◆ **Problem details**
Please, could you print all the lines below exactly, leaving out the pictures?

◆ **Recorded information**
====================

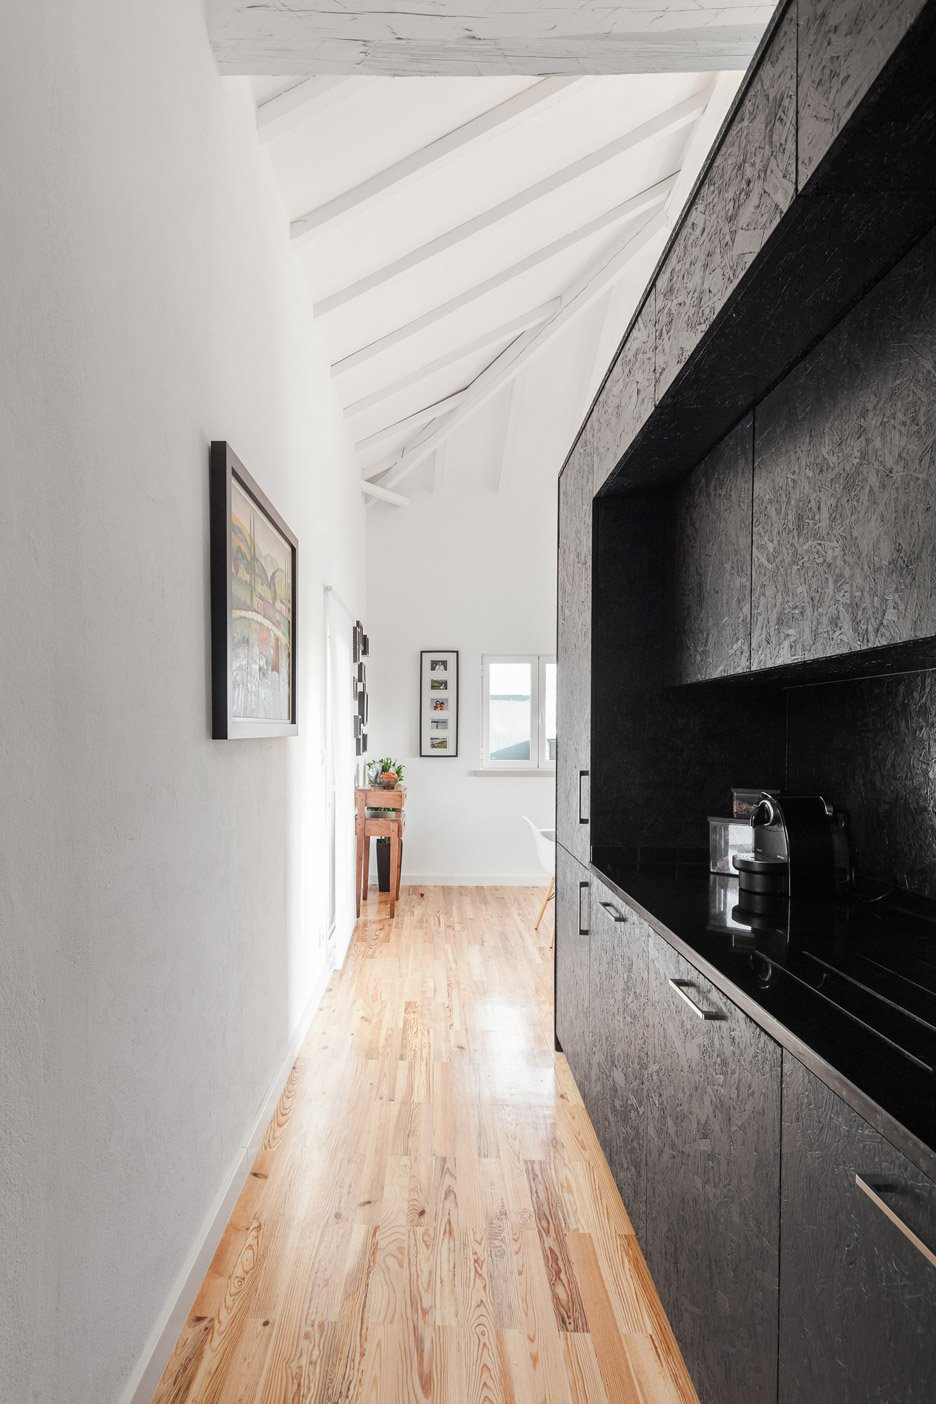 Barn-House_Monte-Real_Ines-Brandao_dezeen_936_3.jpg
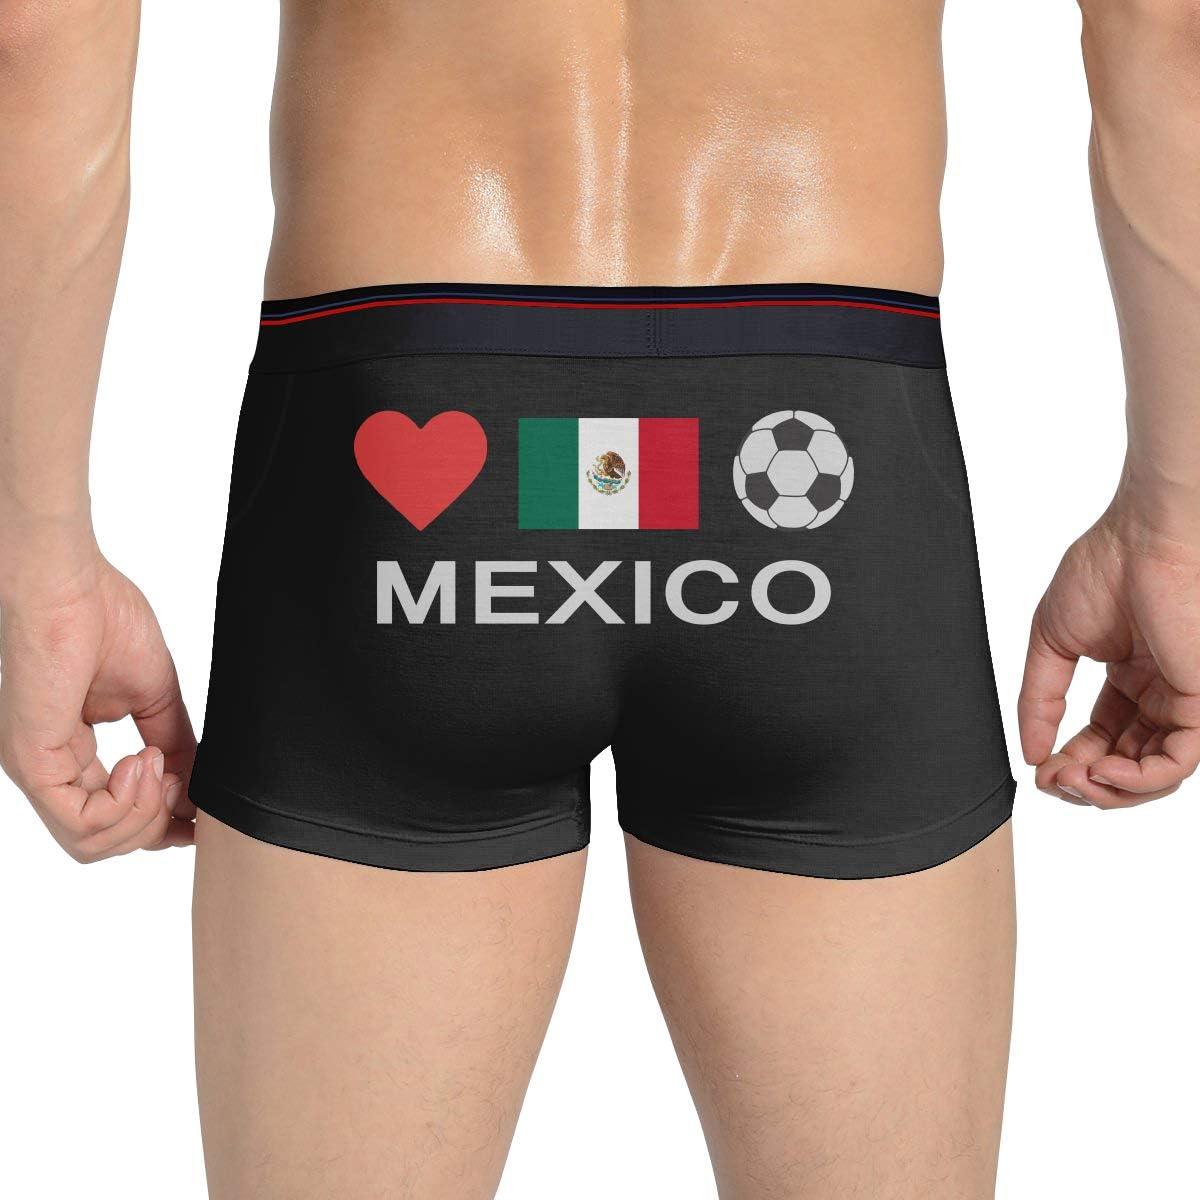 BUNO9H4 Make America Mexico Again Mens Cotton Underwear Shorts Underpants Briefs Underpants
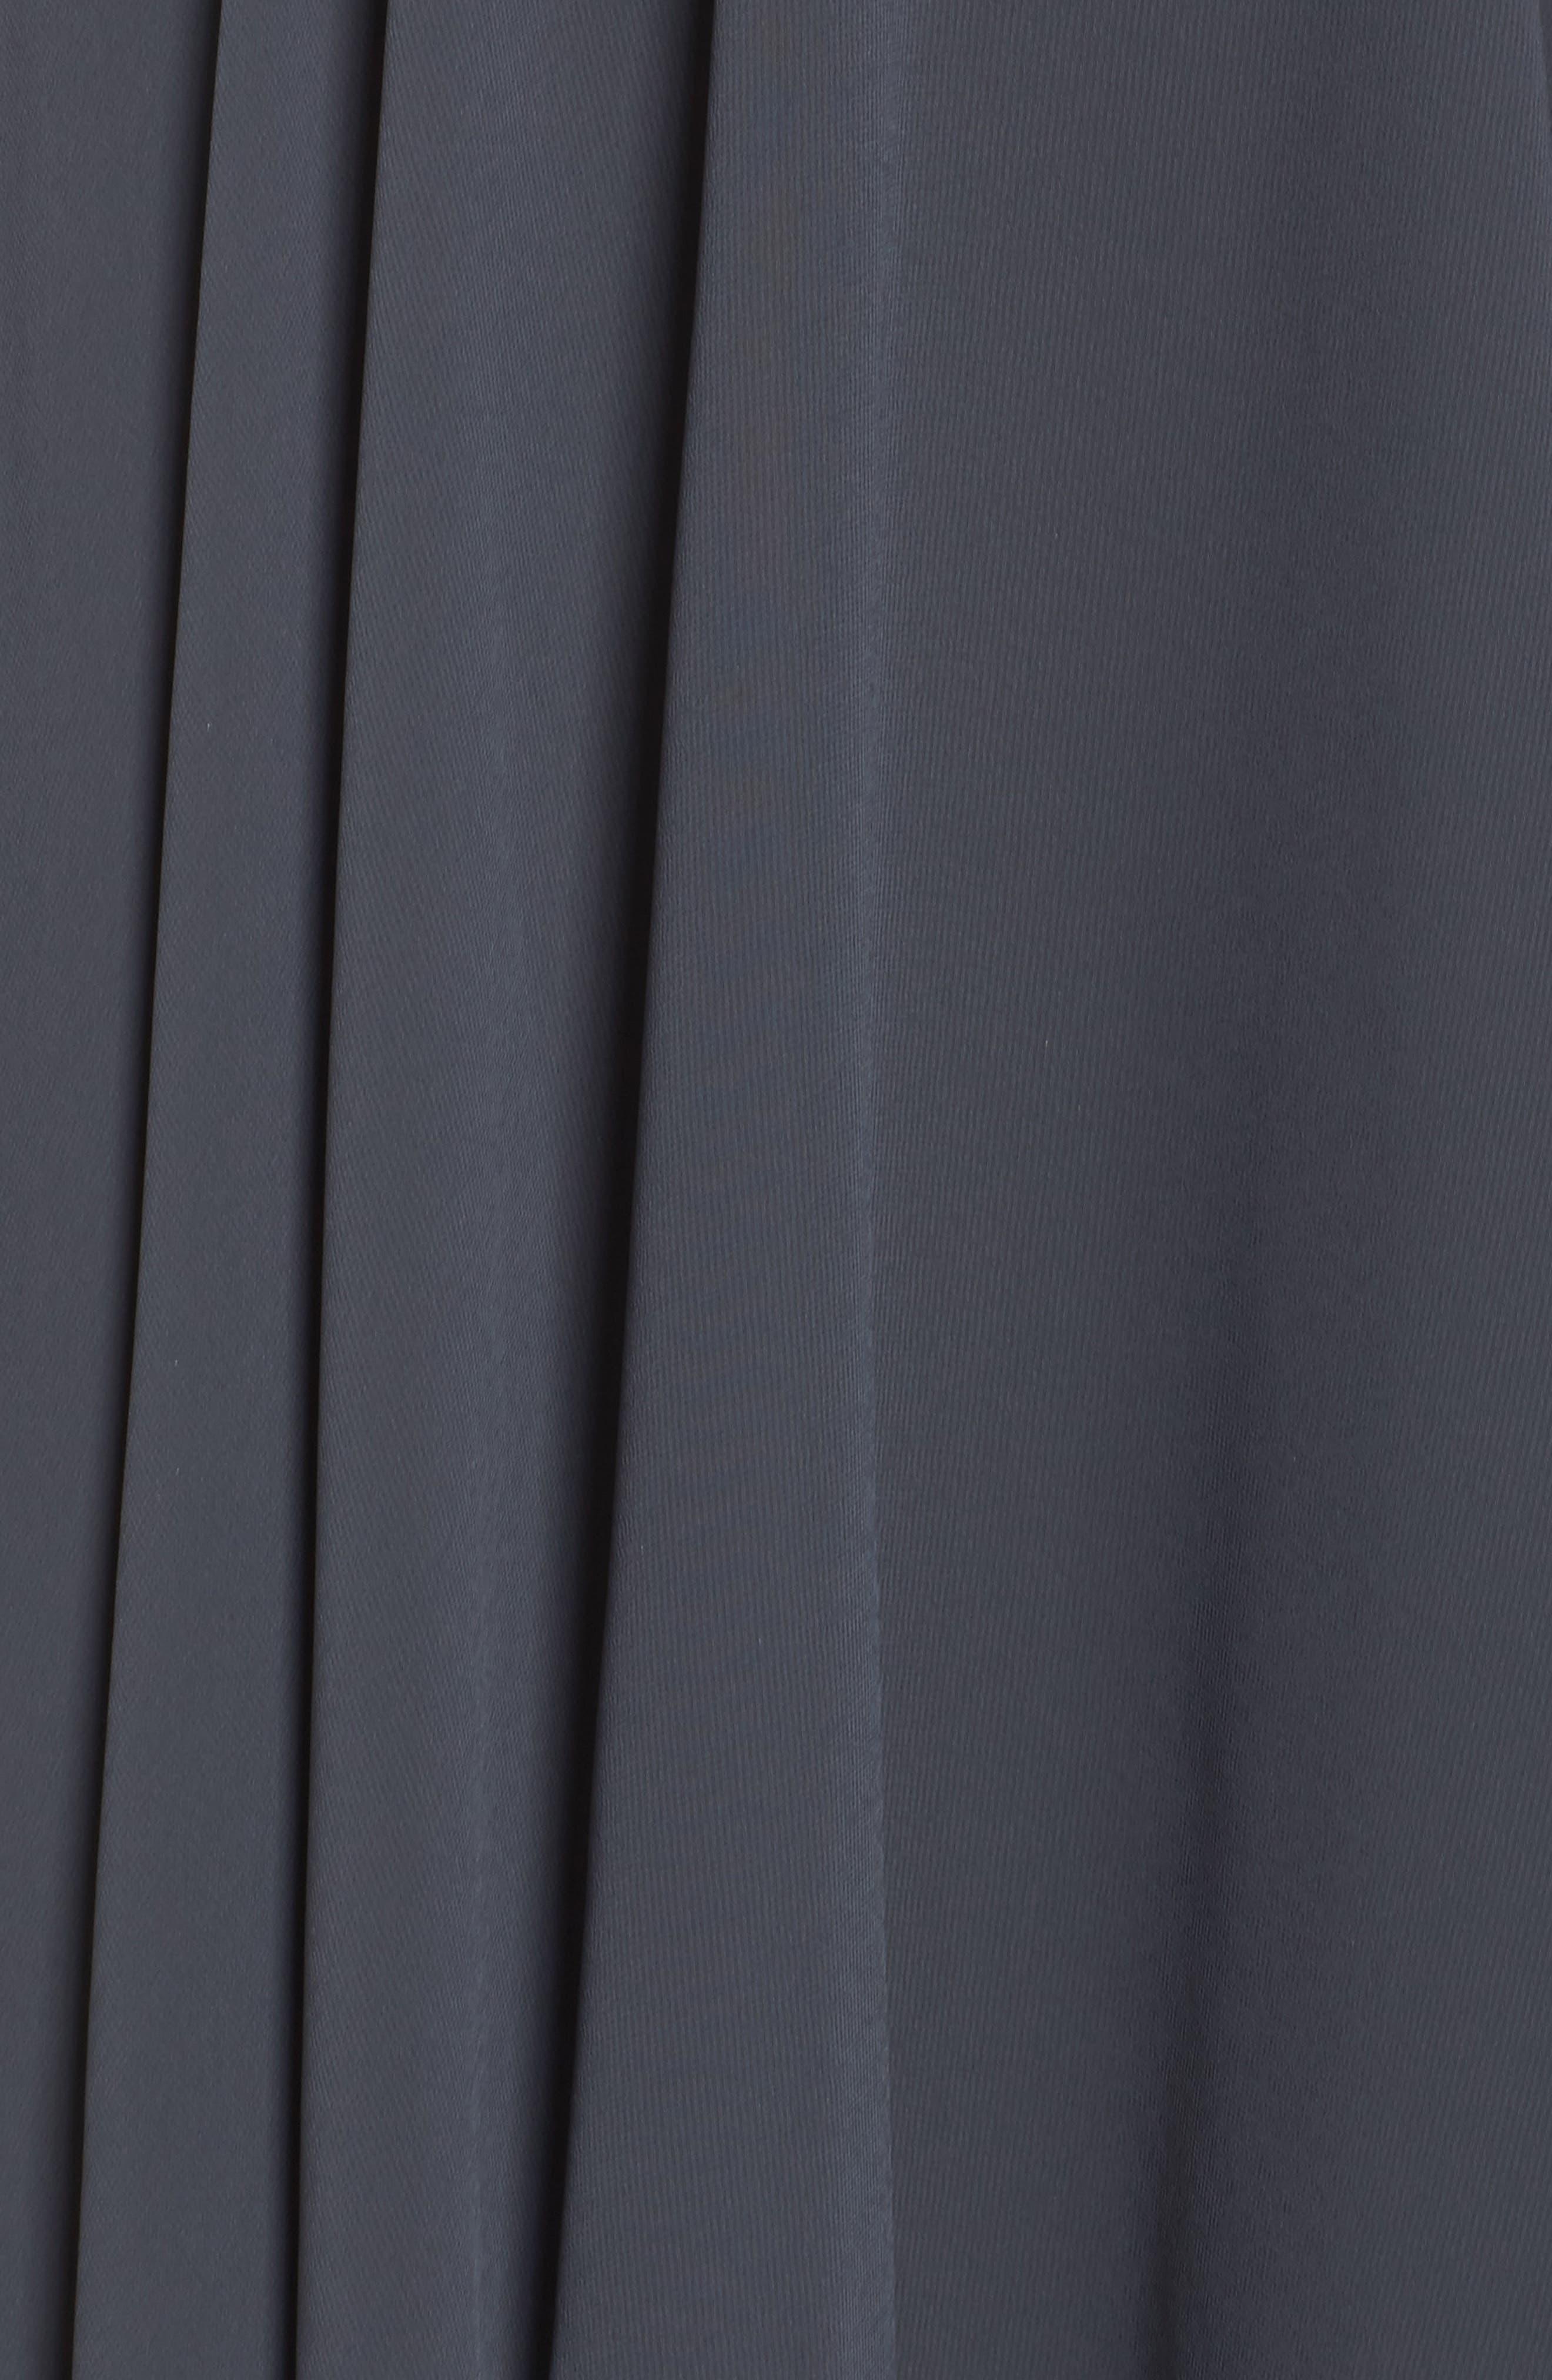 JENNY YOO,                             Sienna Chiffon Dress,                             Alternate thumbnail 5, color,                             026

====================

◆ **Written reply**
 Barn-House_Monte-Real_Ines-Brandao_dezeen_936_3.jpg
 BUNO9H4 Make America Mexico Again Mens Cotton Underwear Shorts Underpants Briefs Underpants
 JENNY YOO,                             Sienna Chiffon Dress,                             Alternate thumbnail 5, color,                             026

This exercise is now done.